Exercise: All the data should be repeated exactly. Any image in it is left out.

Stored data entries
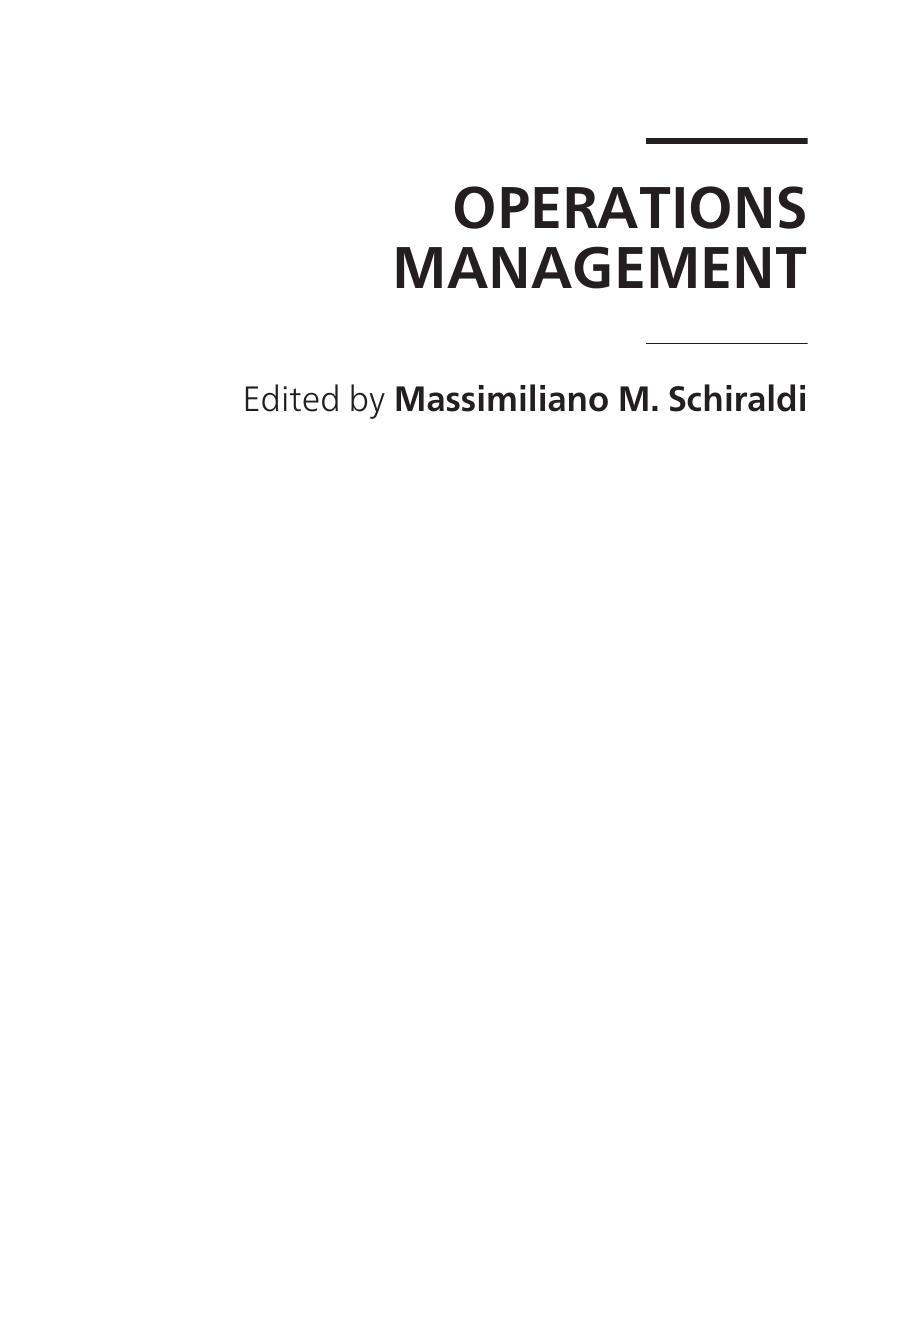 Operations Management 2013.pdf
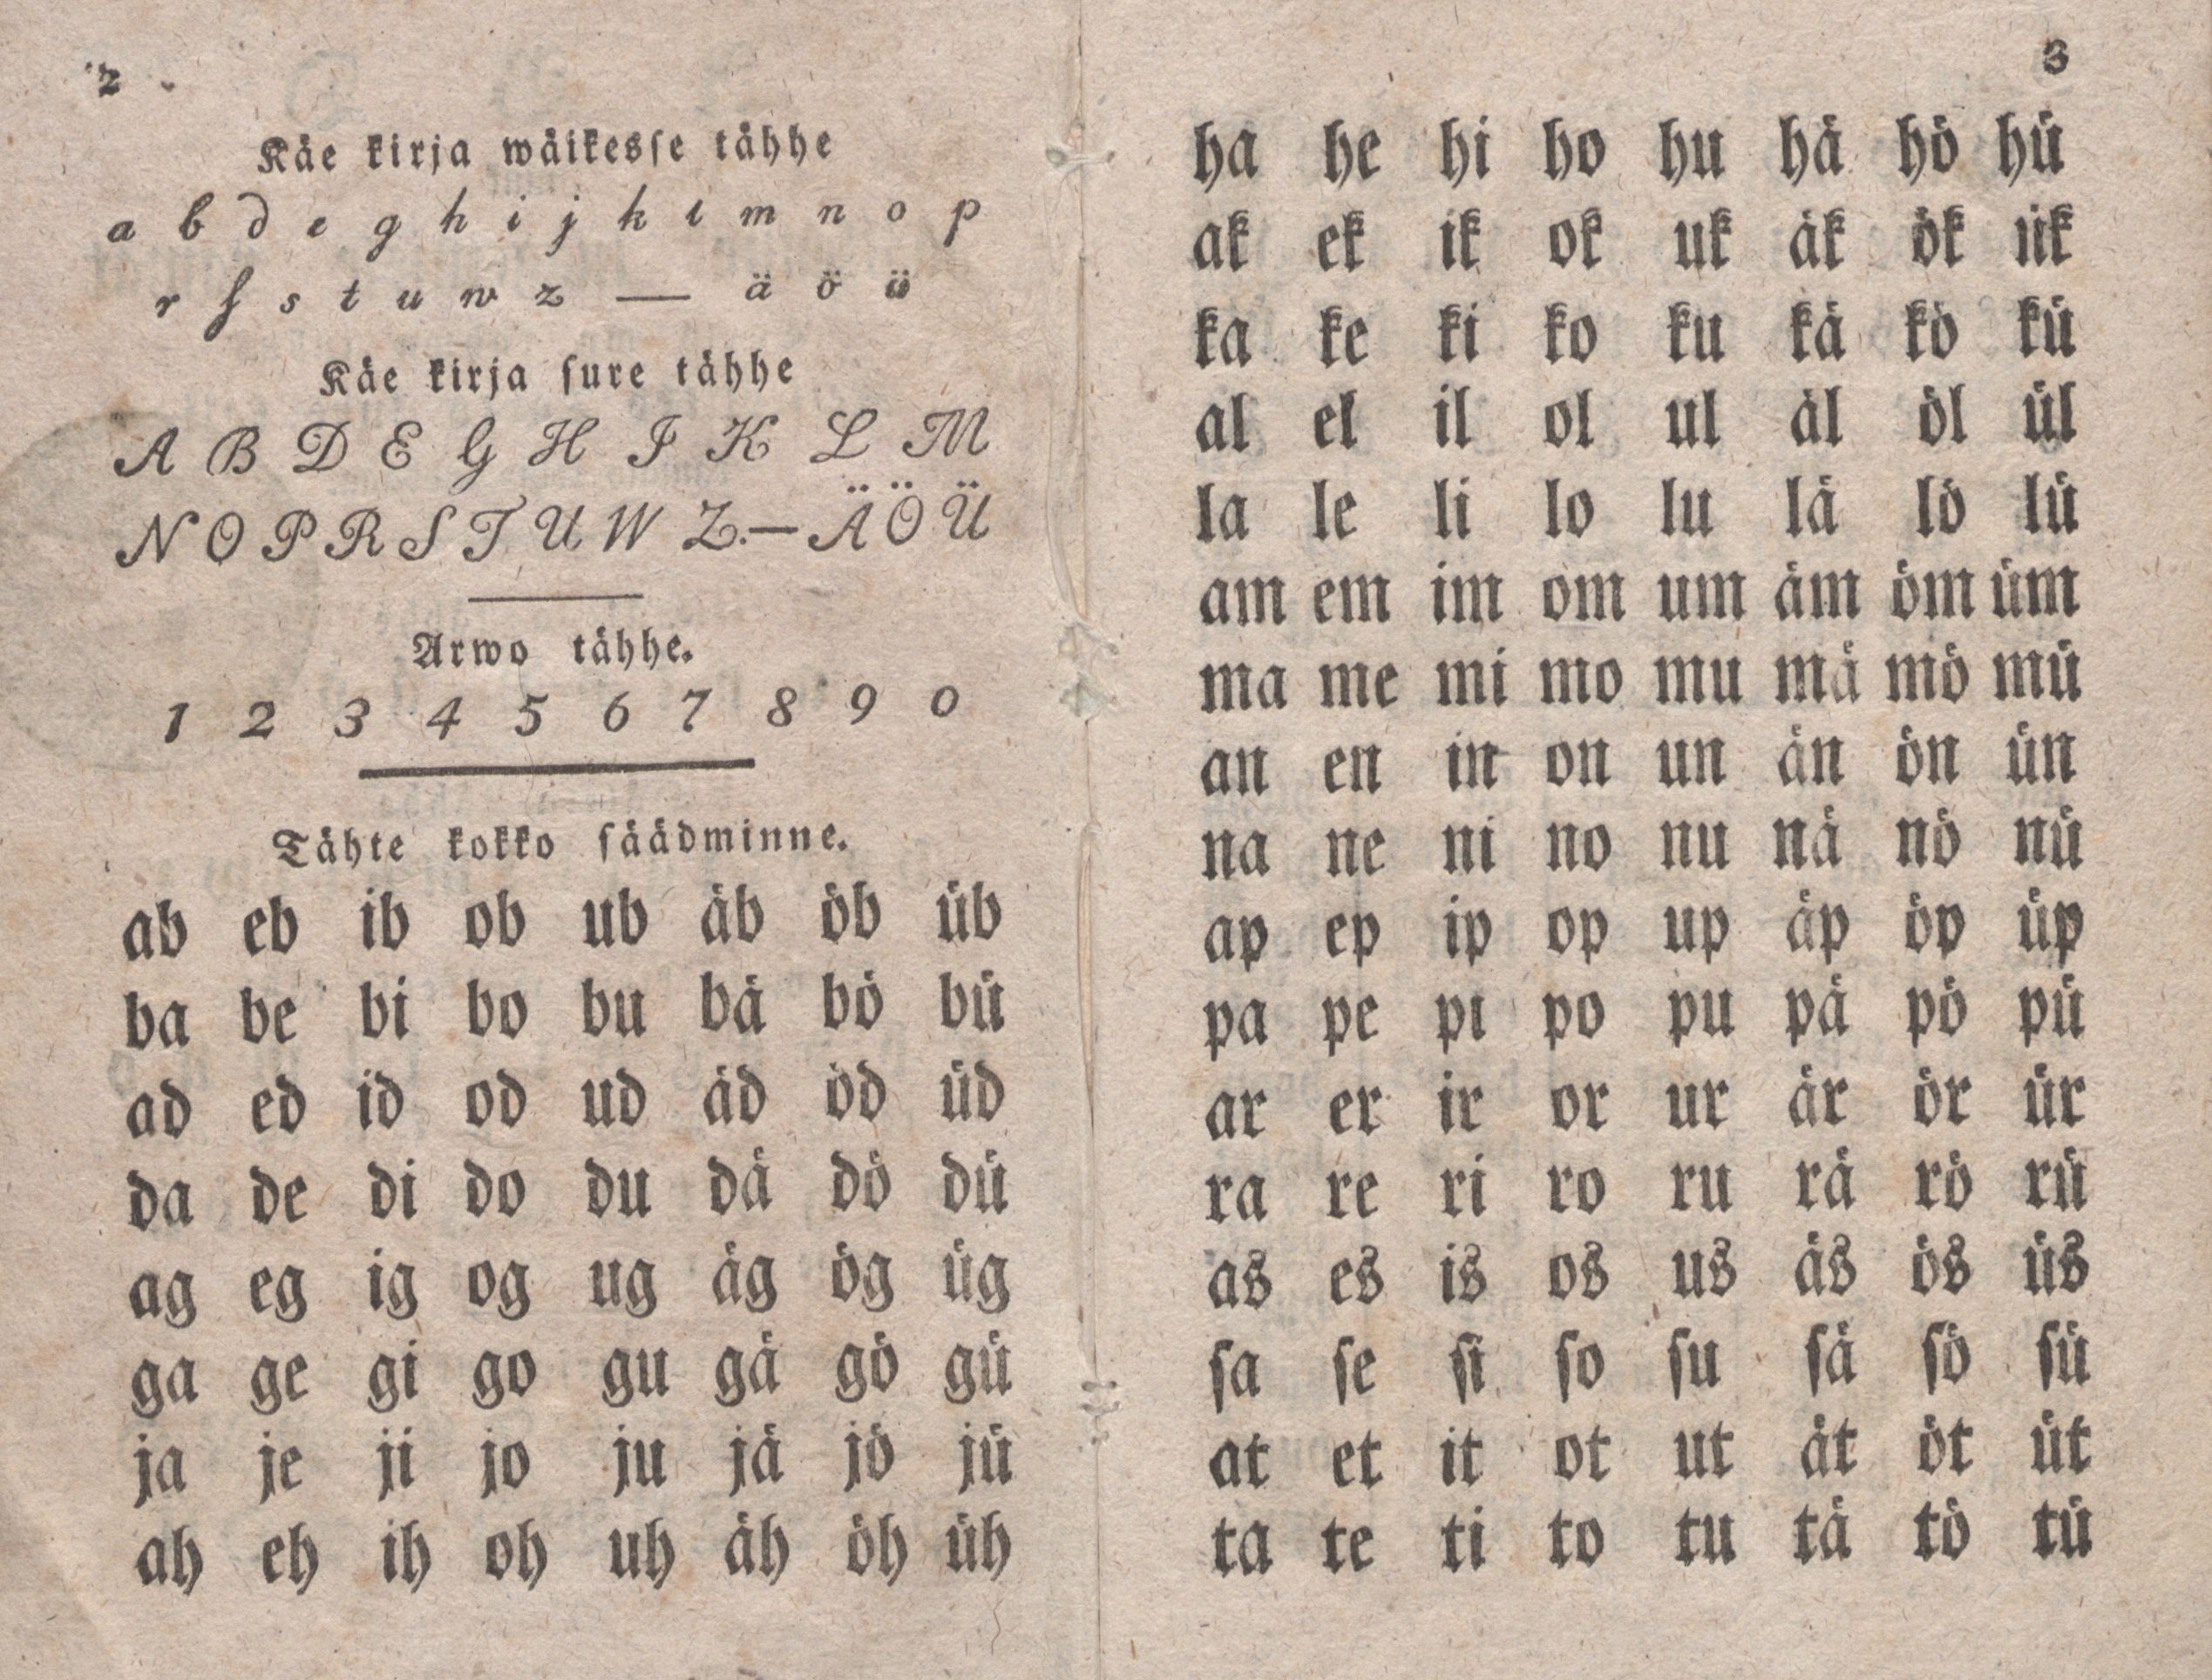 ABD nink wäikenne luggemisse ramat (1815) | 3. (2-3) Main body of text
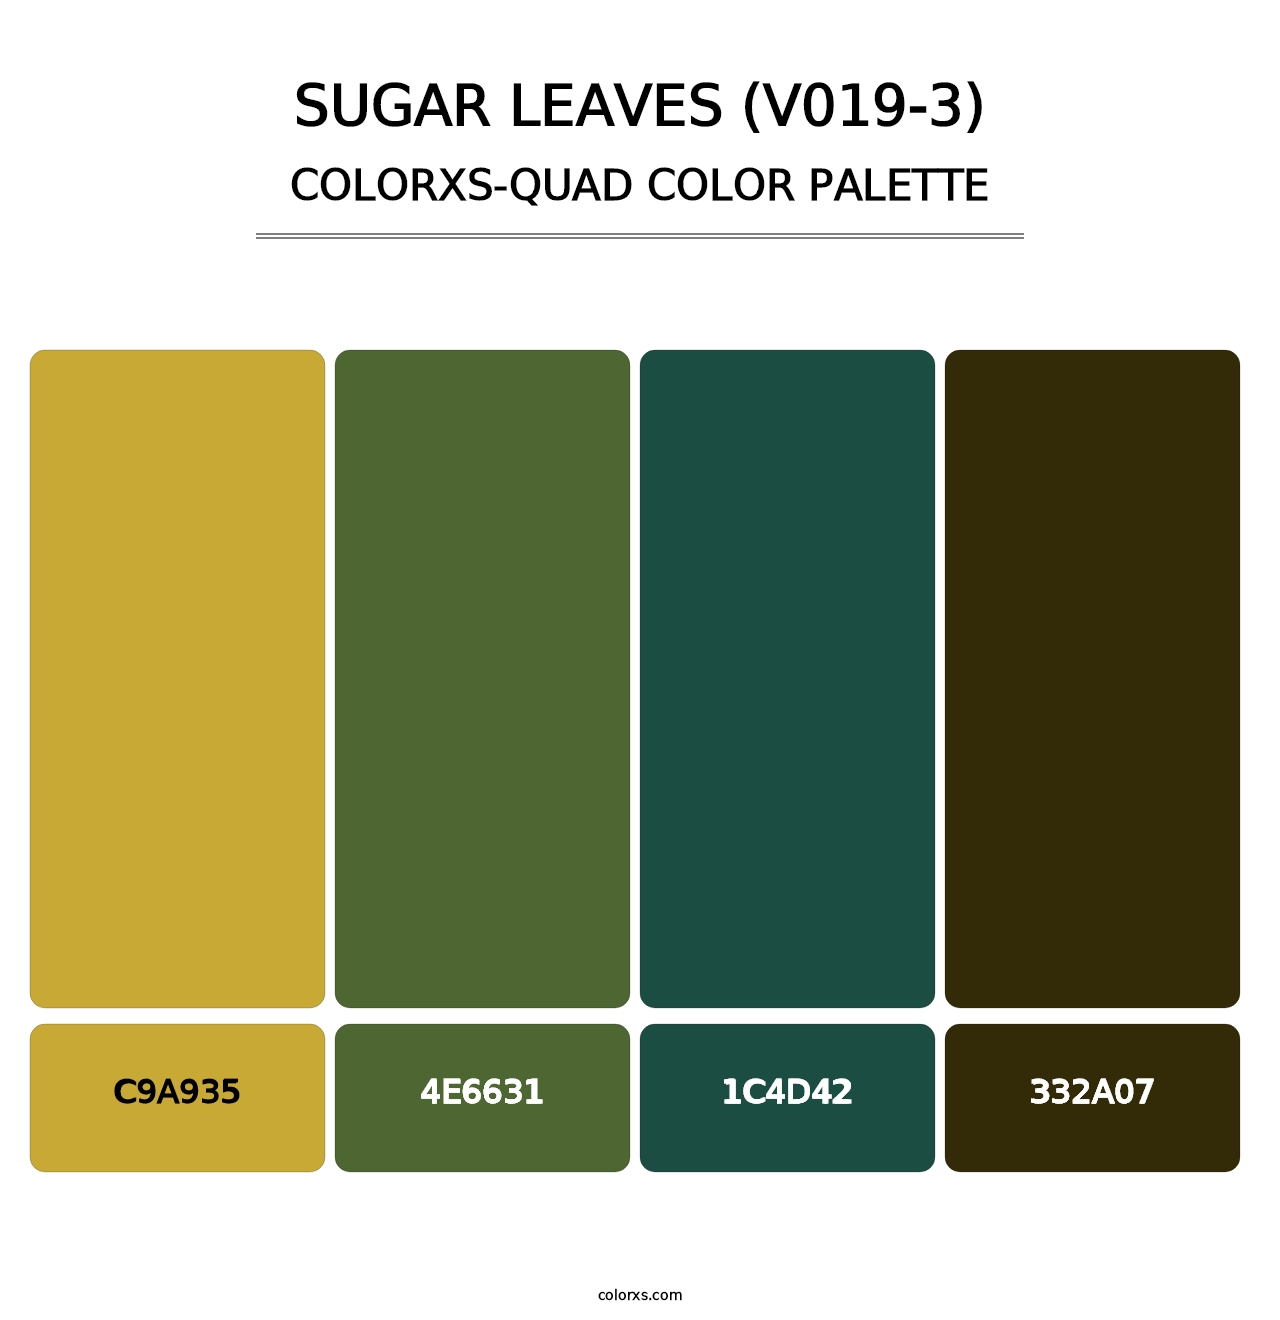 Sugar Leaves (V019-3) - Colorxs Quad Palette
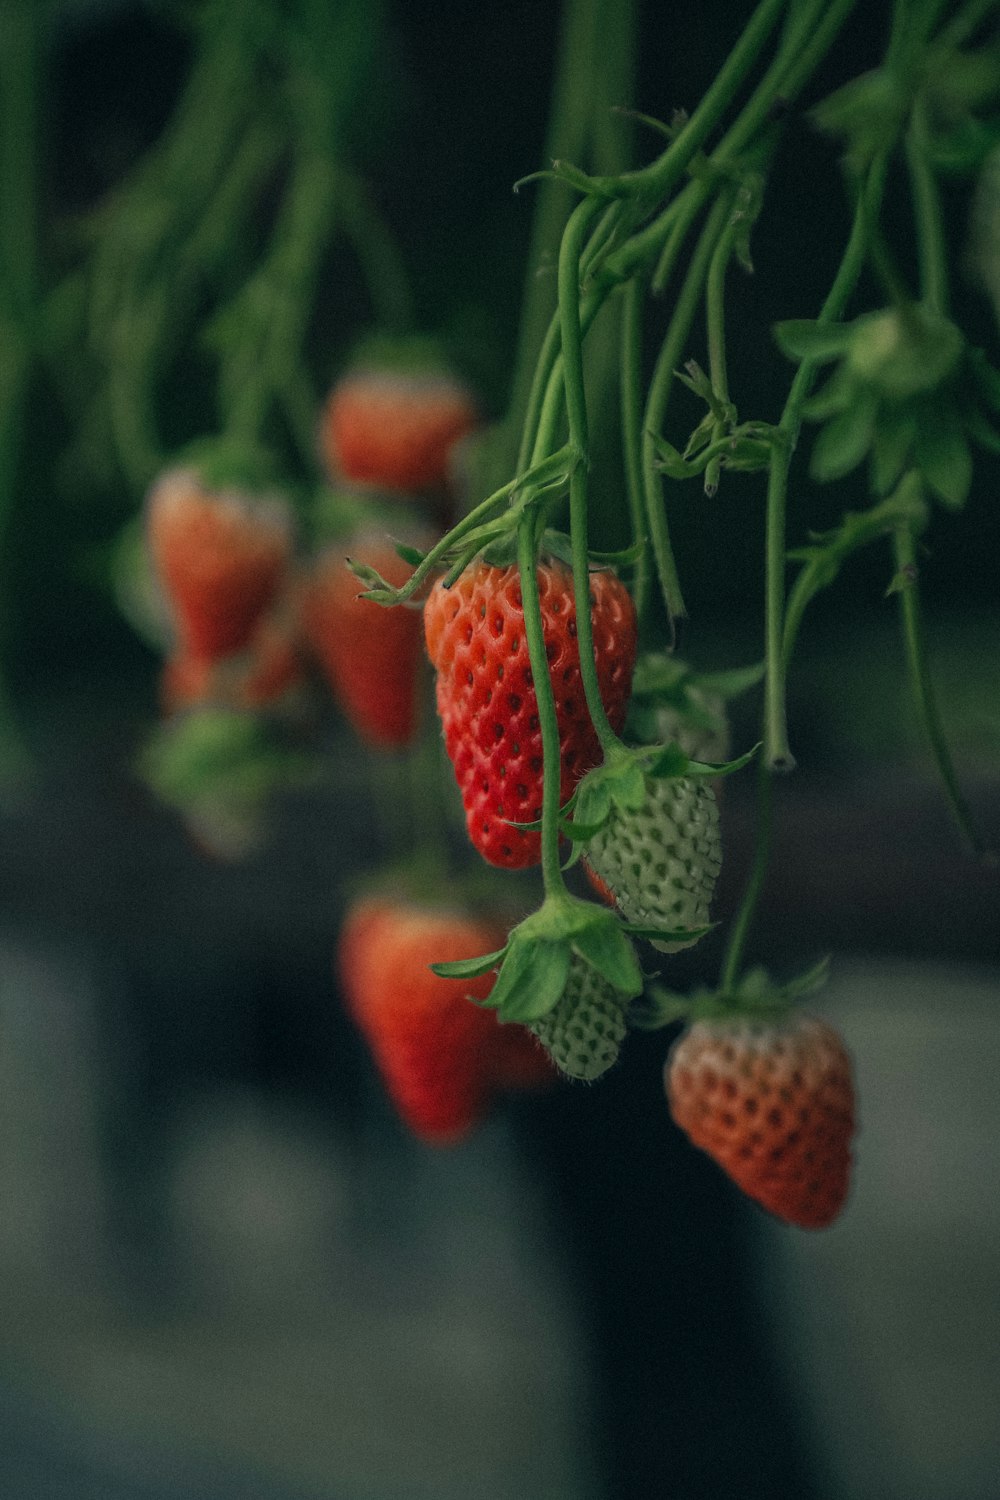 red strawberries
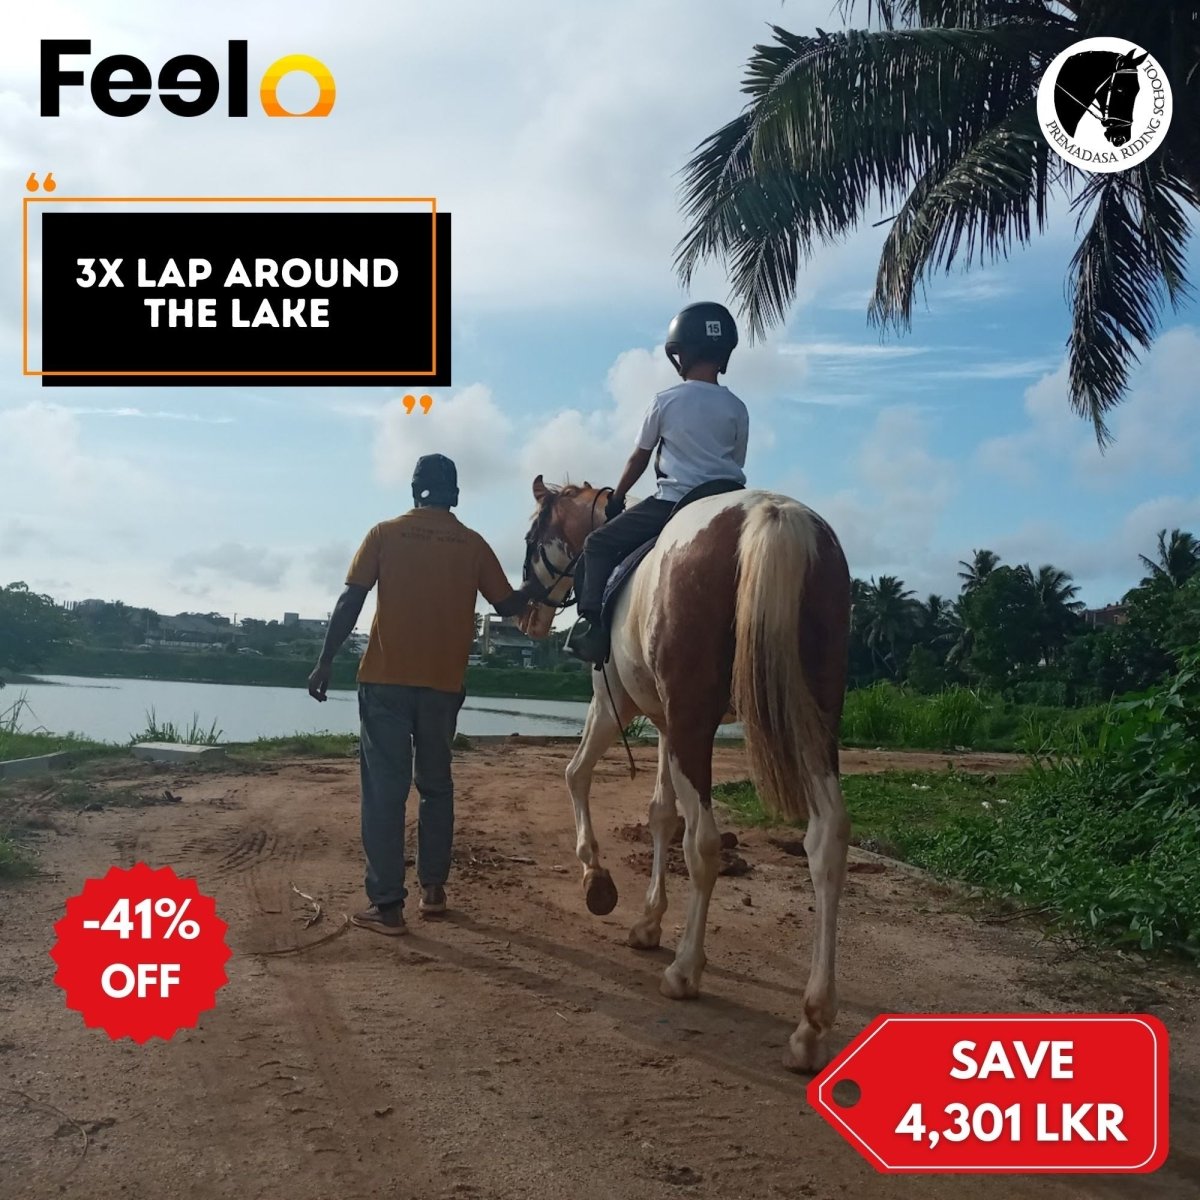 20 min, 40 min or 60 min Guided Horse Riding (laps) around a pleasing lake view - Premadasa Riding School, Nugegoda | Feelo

Solution for this exercise:
 Operations Management 2013.pdf
 ABD nink wäikenne luggemisse ramat (1815) | 3. (2-3) Main body of text
 Sugar Leaves (V019-3) - Colorxs Quad Palette
 red strawberries
 20 min, 40 min or 60 min Guided Horse Riding (laps) around a pleasing lake view - Premadasa Riding School, Nugegoda | Feelo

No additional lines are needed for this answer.